De-duplication is where each block of storage is hashed and stored only once: if two (or more) files contain blocks which are identical, the common block will be saved only once, saving you disk space.
This is very topical for me because I've been thinking a lot about backup solutions lately and de-duplication is a feature I'd rather like. backuppc does it; dar and rdiff-snapshot do not. git does it and I've been looking at backup systems built around that.
The default settings in ZFS are to use the SHA256 algorithm for hashing and not to check for collisions. A collision would mean the newest write would skip over the block which was thought to be already stored, corrupting the file(s) referencing it.
If this is a problem for people, the ZFS folks have implemented a (costly) 'verify' feature:
if this makes you uneasy, that's OK: ZFS provies a 'verify' option that performs a full comparison of every incoming block with any alleged duplicate to ensure that they really are the same
This will detect - and crucially handle - hash collisions. Jeff Bonwicks' advice is to use a low-complexity hashing algorithm in conjunction with 'verify', to offset the additional computational workload.

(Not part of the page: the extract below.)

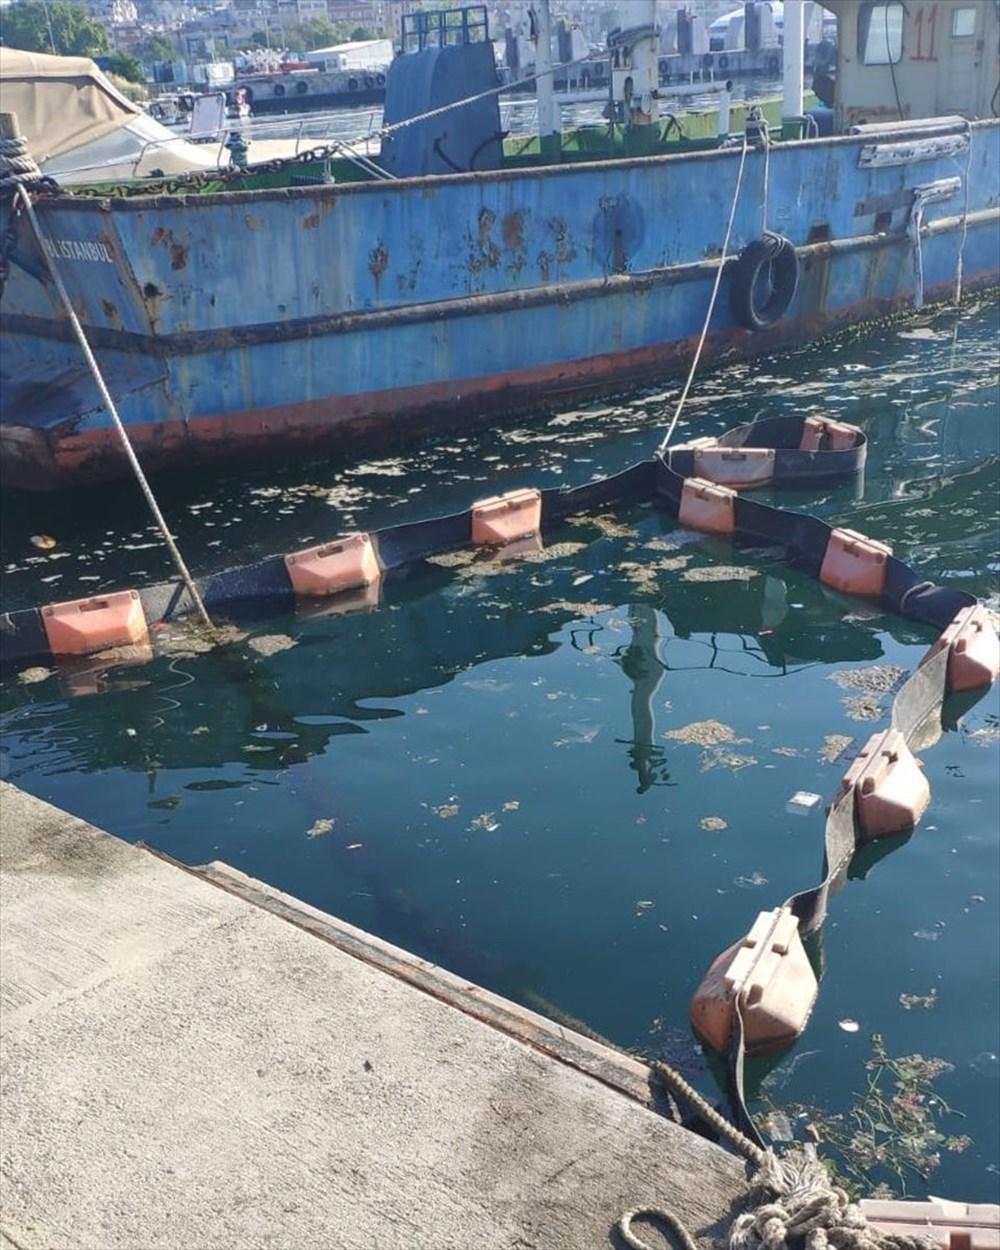 İstanbul Üniversitesi, müsilajı deniz bakterisiyle temizlemeyi başardı - 4

There's no mention of how they resolve hash collisions. Presumably they use something like hash chains. The tradeoff involved there needs to be considered against the risk of collisions and cost of the chosen hash algorithm. I suspect most people will stick to the defaults, so this code won't get much use.
It will be interesting to see some of the discussion and performance measurements that will inevitably come out once this becomes more widely available. For now, I'm quite tempted to take a peek at their source code.